Text-to-Speech for Accessibility

By Alexandria Accessibility Team

Text-to-speech helps people with dyslexia, ADHD, visual impairment, and learning disabilities by converting written text into spoken audio with synchronised word-by-word highlighting. A meta-analysis in PMC found TTS significantly improves reading comprehension for students with reading disabilities. Alexandria provides word-level highlighting, research-backed background colours, speed control from 0.5x to 5x, and neural voices.

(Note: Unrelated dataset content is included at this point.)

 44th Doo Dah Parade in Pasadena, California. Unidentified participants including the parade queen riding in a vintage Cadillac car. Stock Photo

Research-Backed Accessibility

✅ Proven Effective for Dyslexia
NIH meta-analysis: Significant comprehension improvements
✅ Reduces Mind Wandering (ADHD)
2022 study: Measurably better focus with TTS
✅ Dyslexia-Friendly Colors
Rello & Bigham 2017: 341 participants, warm colors best
✅ Visual Stress Reduction
BDA-recommended cream/peach backgrounds
✅ Improves ELL Pronunciation
2025 review: Boosts literacy and pronunciation skills
✅ Accessible for Visual Impairment
Keyboard-navigable, works with screen readers

Dyslexia-Friendly Background Colors

Based on the Rello & Bigham (2017) study with 341 participants. Warm colors significantly improved reading performance.

Aa
Cream
BDA recommended
Aa
Peach
Best performer
Aa
Sepia
Kindle-style
Aa
Mint
Cool alternative
Aa
Dark
Low-light
Aa
Light
Clean white

All presets maintain WCAG AAA contrast (7:1+). Available in the Alexandria web app settings.

Who Benefits from Text-to-Speech

Text-to-speech isn't just a convenience tool. For millions of people with reading challenges, visual impairments, or attention differences, it's a way to access information that would otherwise be difficult or exhausting.

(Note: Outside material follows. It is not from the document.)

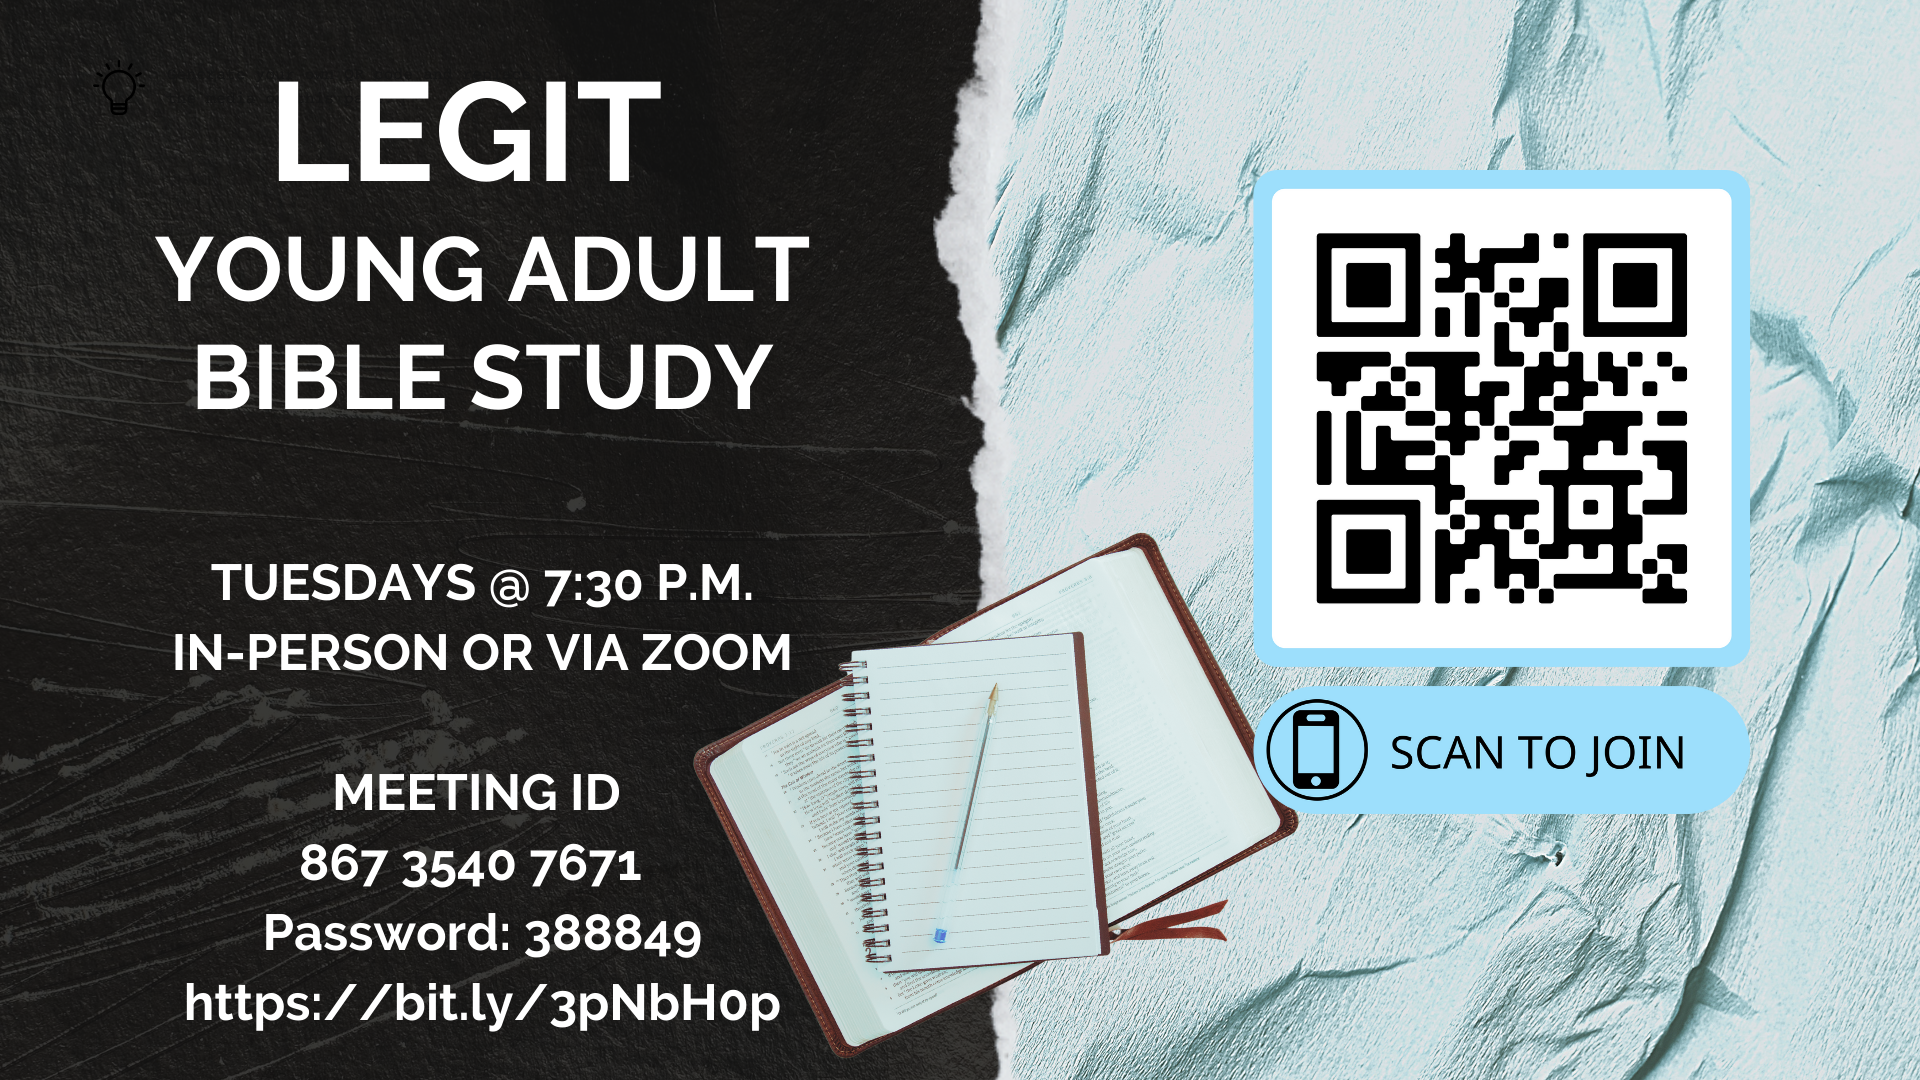 LEGIT Young Adult Bible Study head image

Alexandria is designed with accessibility in mind. The combination of audio and synchronised word-by-word highlighting creates what researchers call "dual coding", engaging both auditory and visual processing pathways simultaneously.

Key Facts

Around 10% of the UK population is affected by dyslexia, with approximately 4% severely affected [British Dyslexia Association, 2024].

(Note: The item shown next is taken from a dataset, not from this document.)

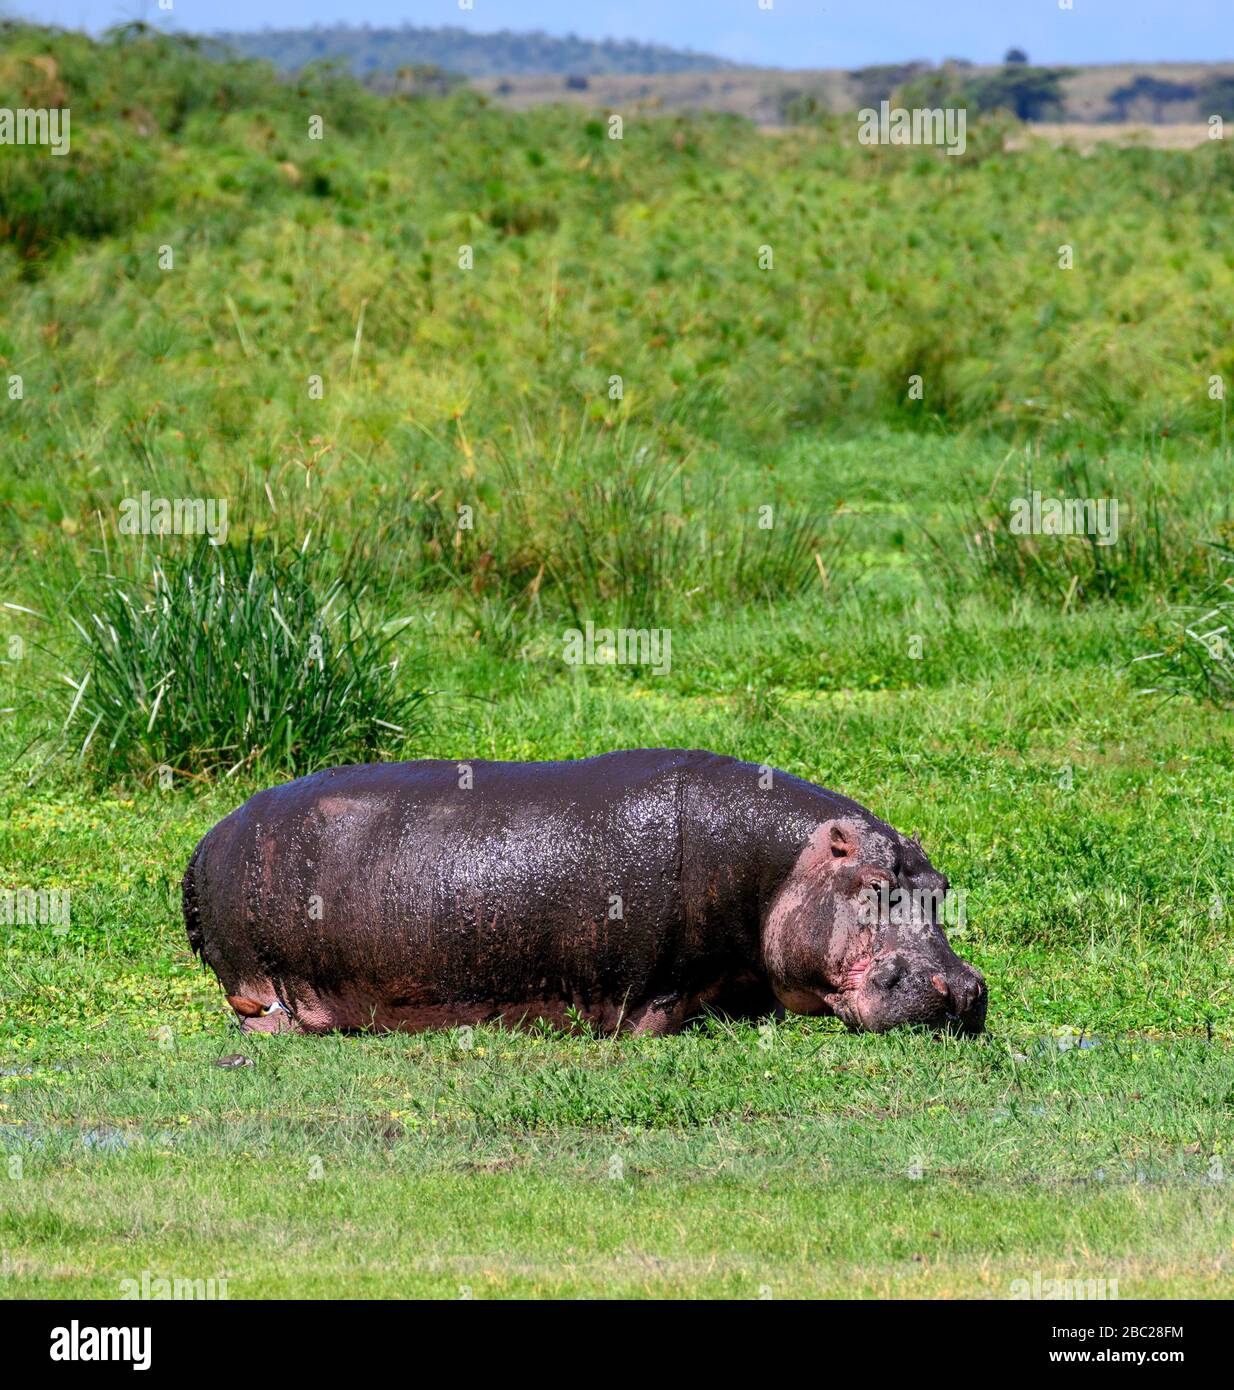 Common hippopotamus (Hippopotamus amphibius). Hippo grazing in Amboseli National Park, Kenya, Africa Stock Photo

NICE estimates 3-4% of adults in England have ADHD, representing roughly 2.5 million people [NICE, 2026].

67.8% of blind and low-vision adults use third-party screen reader or TTS software [American Foundation for the Blind].

A meta-analysis of TTS studies found an average effect size of 0.35 for reading comprehension improvement in students with reading disabilities [PMC / NCBI, 2017].

70% of dyslexic middle school students showed greater reading comprehension with computer-based reading systems, with 40% showing gains of two to five grade levels [ATIA, 2020].

Text-to-Speech for Dyslexia

How TTS Helps with Dyslexia

Dyslexia affects how the brain processes written language. People with dyslexia can understand complex ideas and spoken language perfectly fine, but decoding written text takes significant mental effort.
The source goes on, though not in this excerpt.